Using the Monotone Convergence Theorem to prove convergence of a recursively defined sequence.

Question

Say $x_n=2+\sqrt{x_{n-1}-2}$ and $x_0\geq2$ for $n\in\mathbb{N}$. Use the Monotone Convergence Theorem to prove that $x_n\to2$ or $x_n\to3$ as $n\to\infty$. Specifically, how do I prove that $x_n$ is decreasing?

Answer 1

Hint: If $x_0 = 3$, then $x_n = 3$ for all $n$. Similar for $x_0 = 2$. So assume $x_0 \neq 2, 3$.
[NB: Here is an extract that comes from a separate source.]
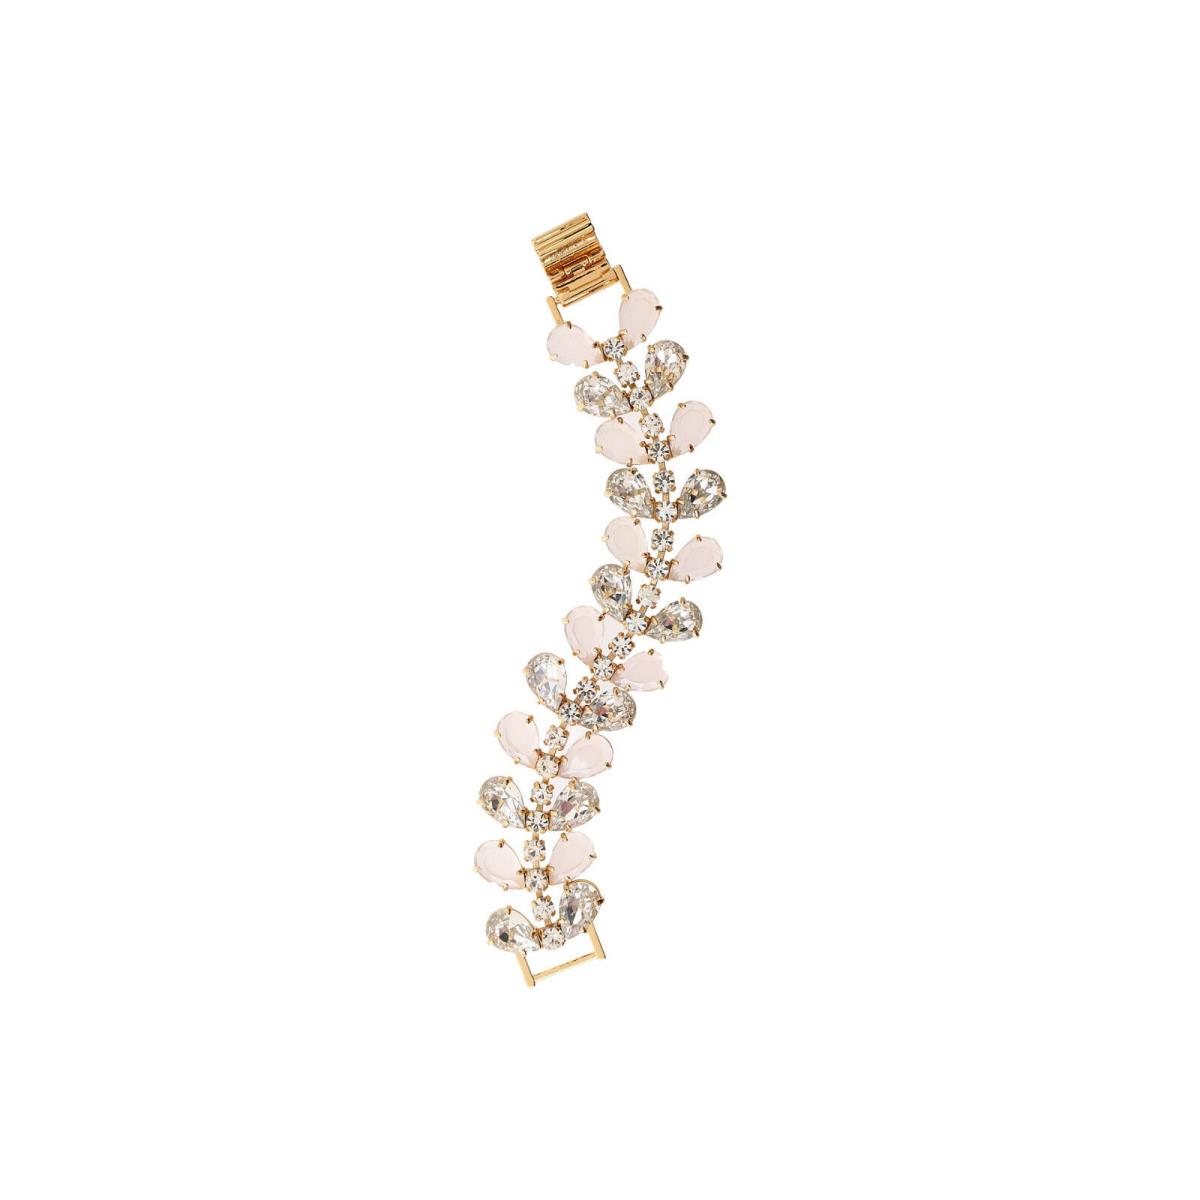 Kate Spade NY Secret Garden Line Bracelet Opalescent Faceted Crystals Bridal

$$x_1 = 2 + \sqrt{x_0 - 2}\Rightarrow x_1 - 2 = \sqrt{x_0- 2}$$

So whenever or not $x_1 <x_0$ or $x_1 > x_0$ depends on $x_0$. Note that

$$\begin{cases} x < \sqrt x & \text{if }0<x<1 \\ x > \sqrt x &\text{if } x>1\end{cases}$$

this implies

$$ \begin{cases} x_0 - 2 < \sqrt{x_0 - 2} & \text{if }2< x_0<3 \\ x_0 - 2 > \sqrt{x_0 - 2} &\text{if } x_0>3 \end{cases}$$

Thus $x_0 < x_1$ if $2<x_0<3$ and $x_0 > x_1$ if $x_0 > 3$. In general, we have

$$x_{n+1} = 2 + \sqrt{x_n -2} \Rightarrow (x_{n+1} -2)^2 = x_n -2.$$ Thus

$$(x_{n+1} - 2)^2 - (x_n -2)^2 = x_n - 2 - (x_{n-1} -2) = x_n - x_{n-1}$$

This inequality will be helpful for you to do the induction that $x_n$ is monotone.